Goal of the exercise
A verbatim copy of the listing is needed; pictures are to be left out.

Provided material
######

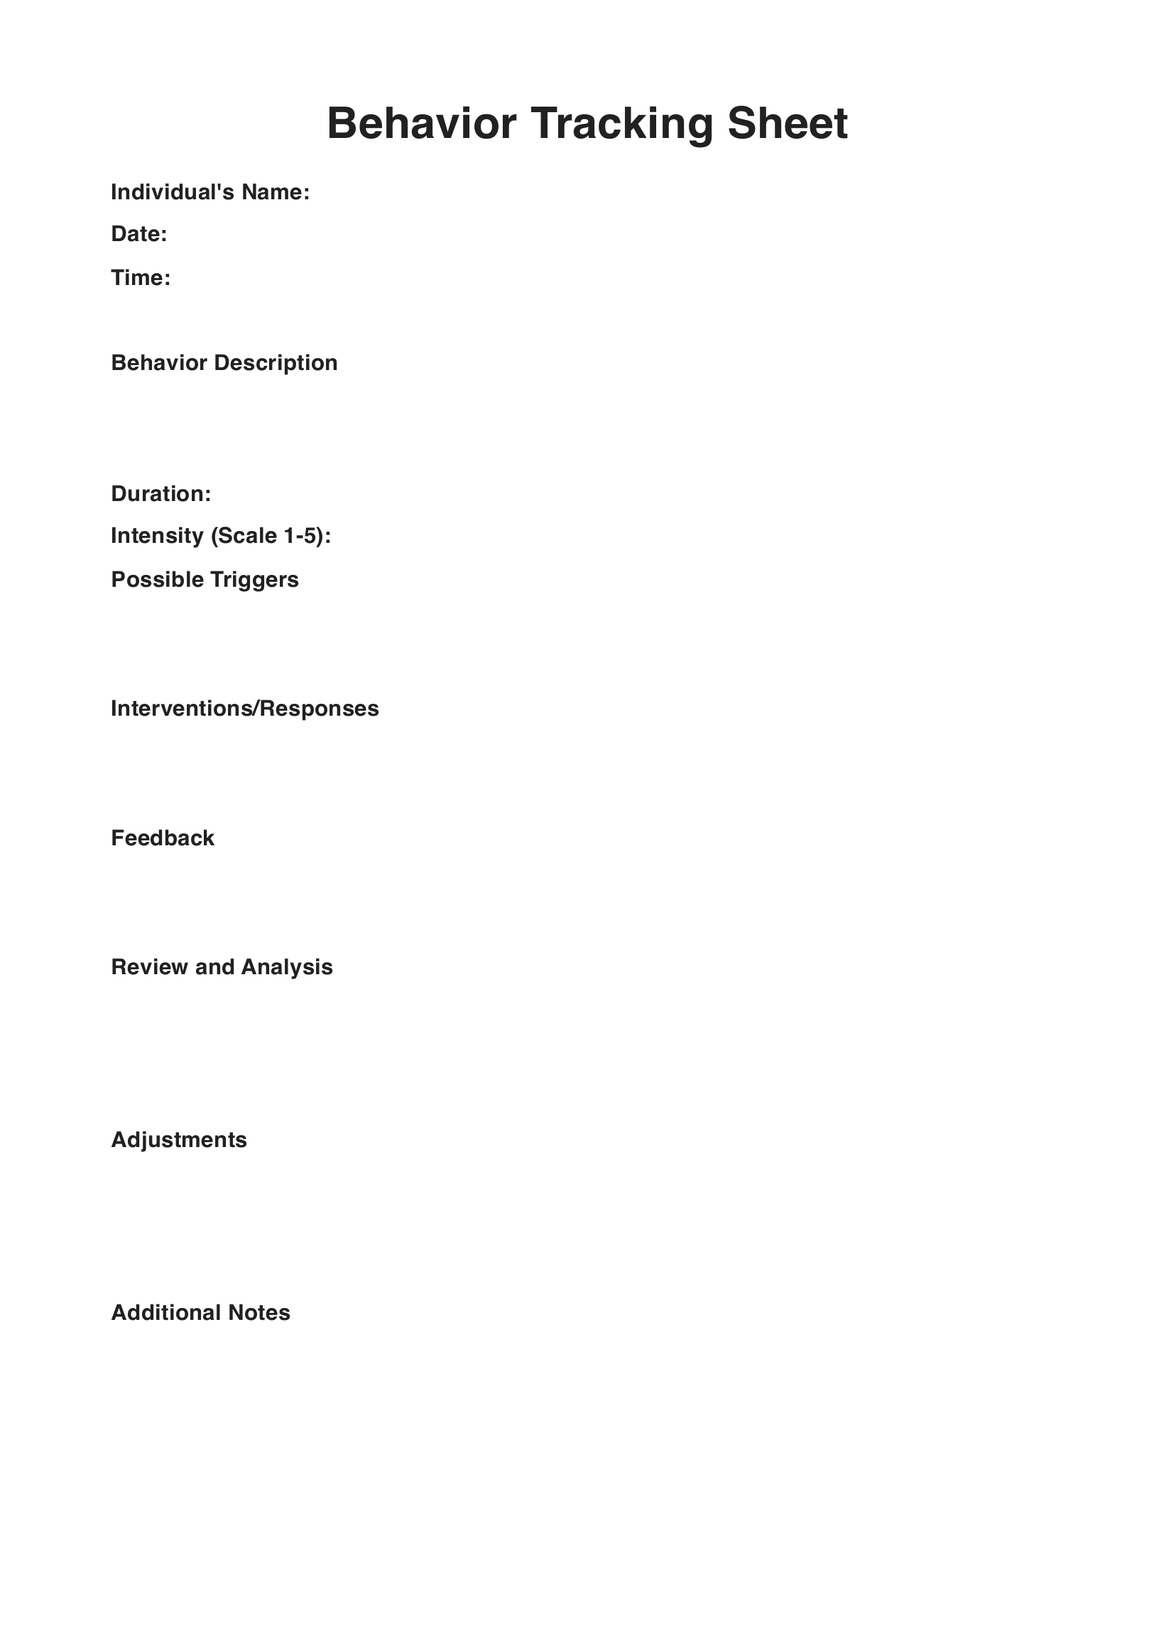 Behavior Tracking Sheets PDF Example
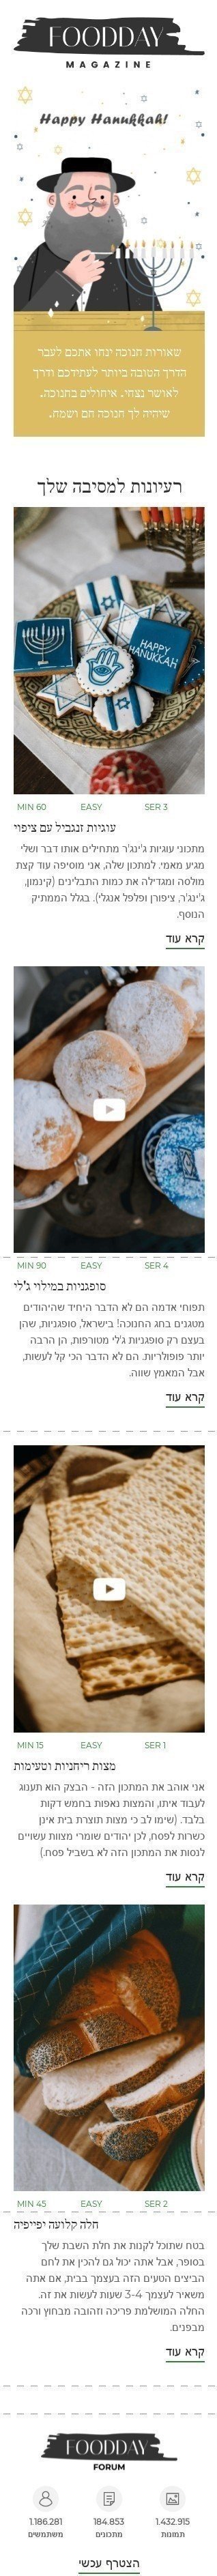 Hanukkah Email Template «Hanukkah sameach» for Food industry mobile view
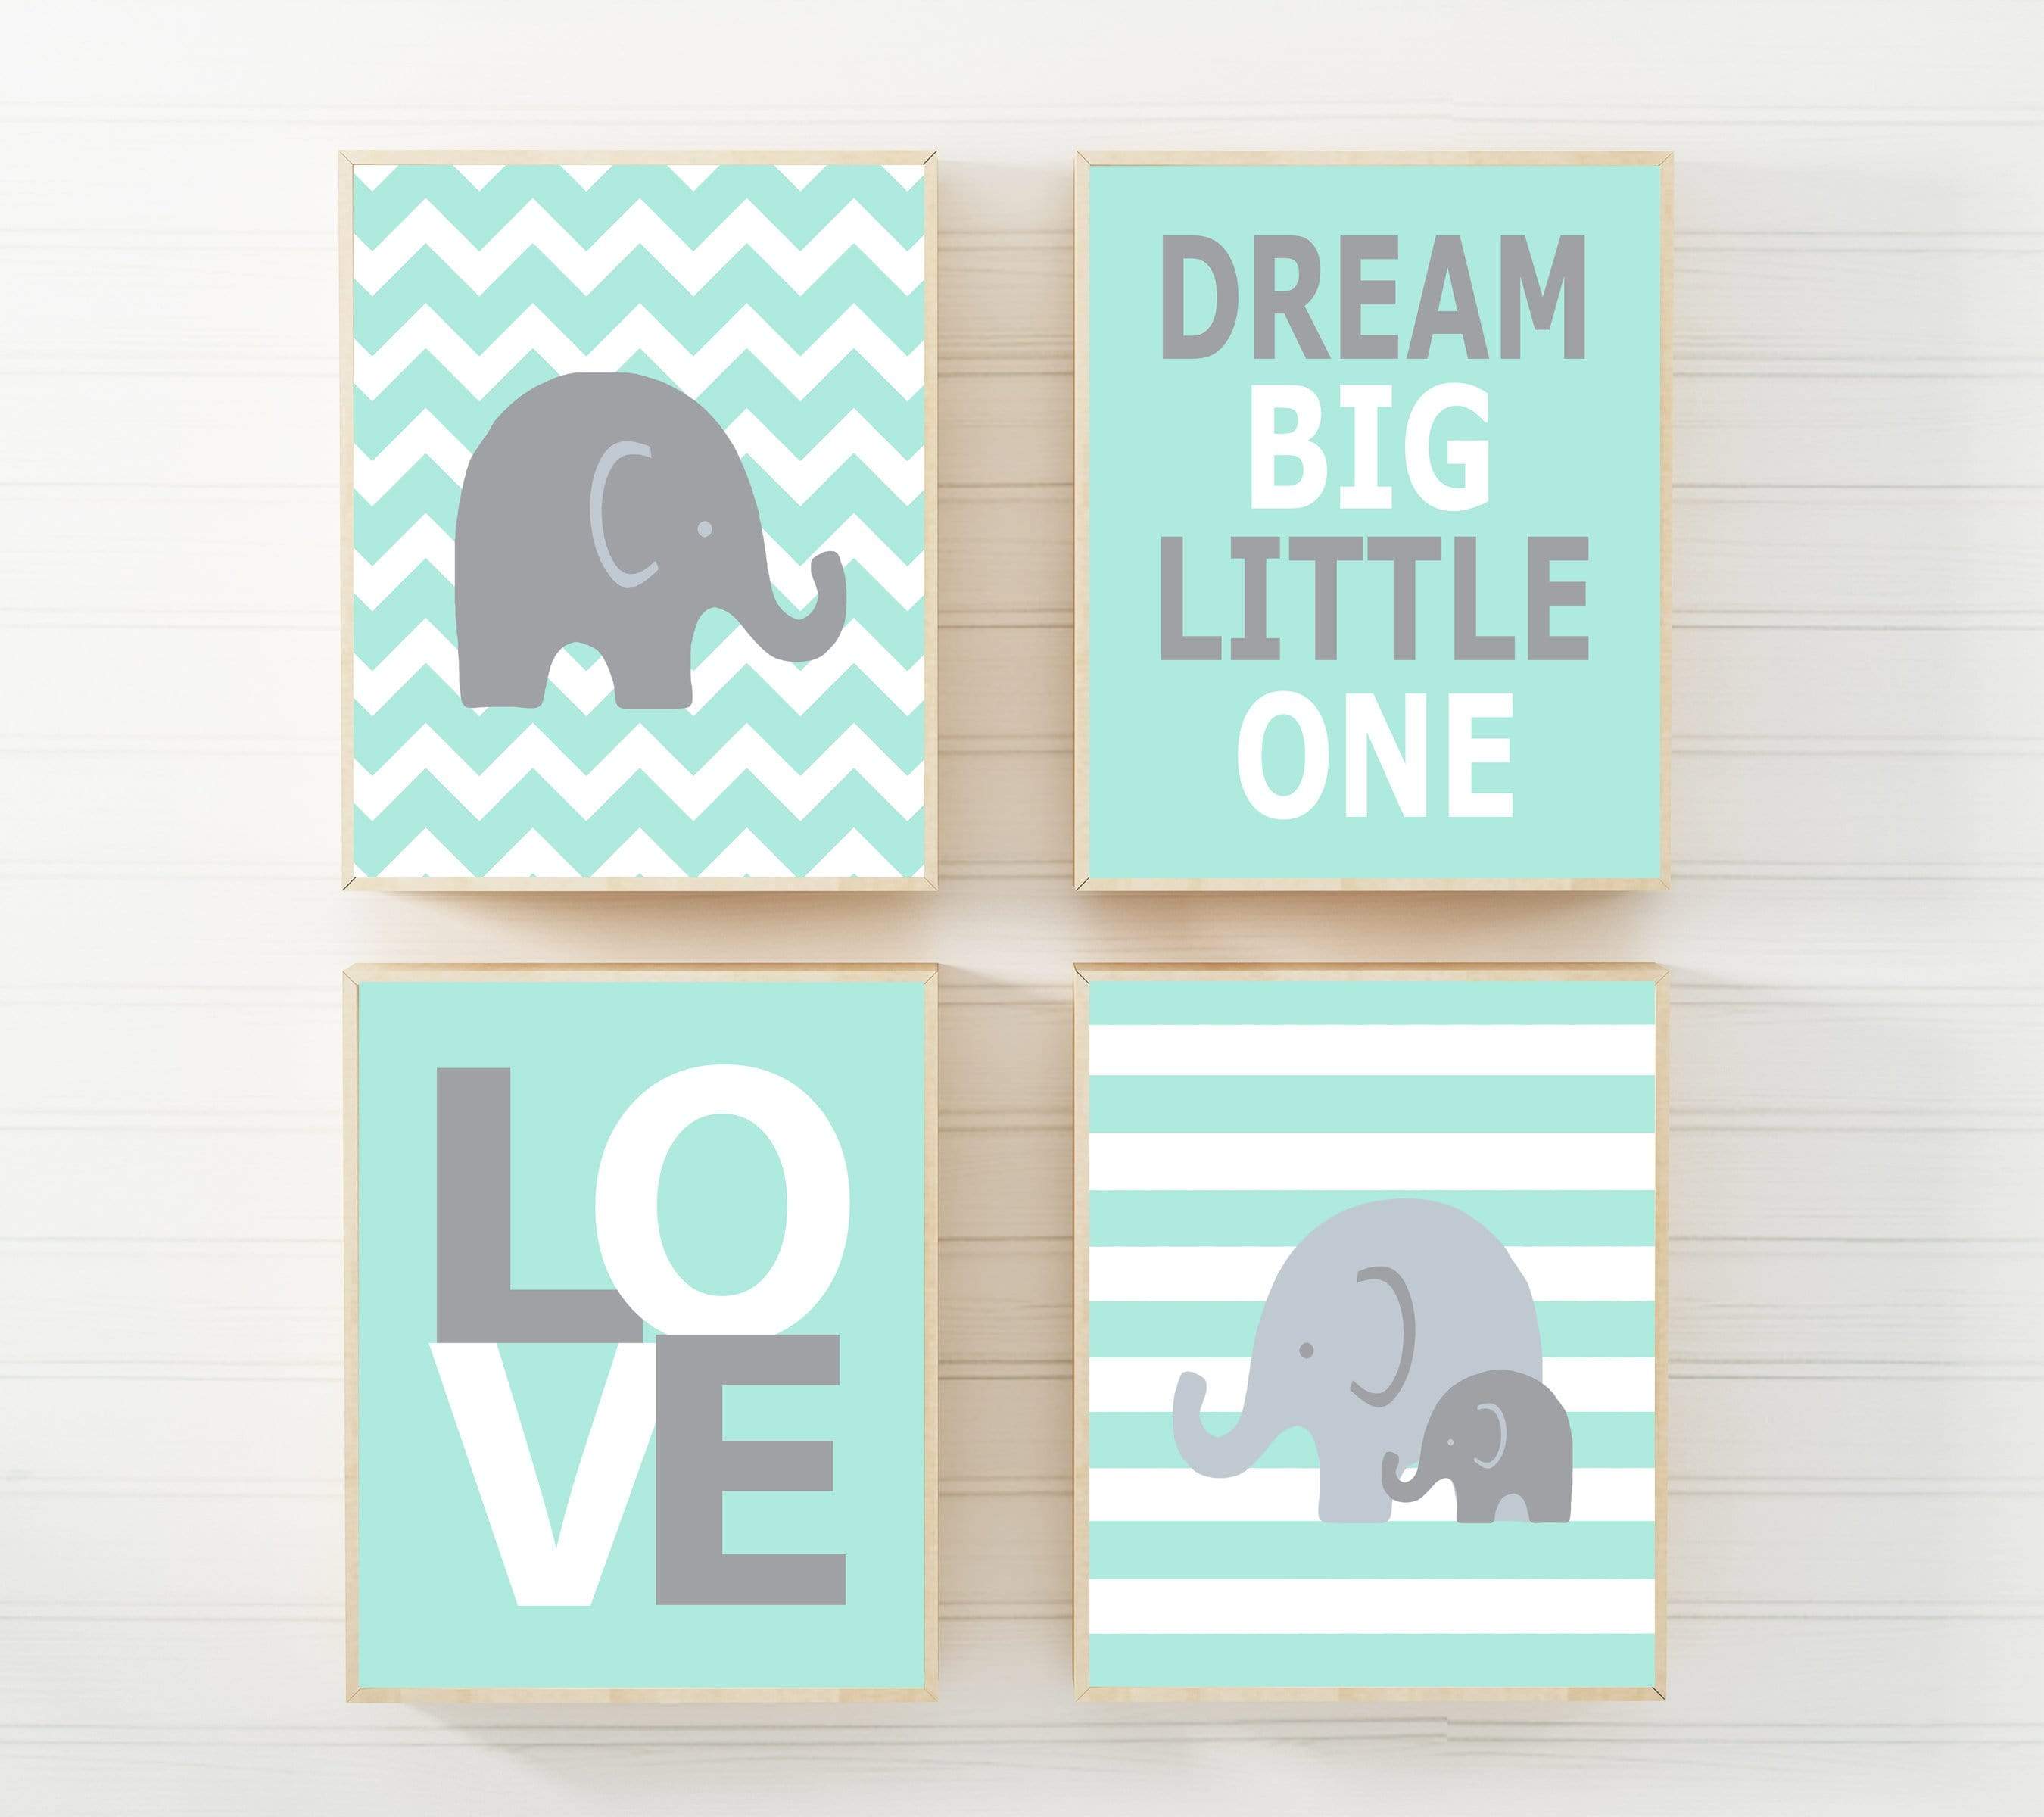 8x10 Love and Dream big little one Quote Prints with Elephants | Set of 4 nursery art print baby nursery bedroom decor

######

Your solution
 Behavior Tracking Sheets PDF Example
 Hanukkah Email Template «Hanukkah sameach» for Food industry mobile view
 8x10 Love and Dream big little one Quote Prints with Elephants | Set of 4 nursery art print baby nursery bedroom decor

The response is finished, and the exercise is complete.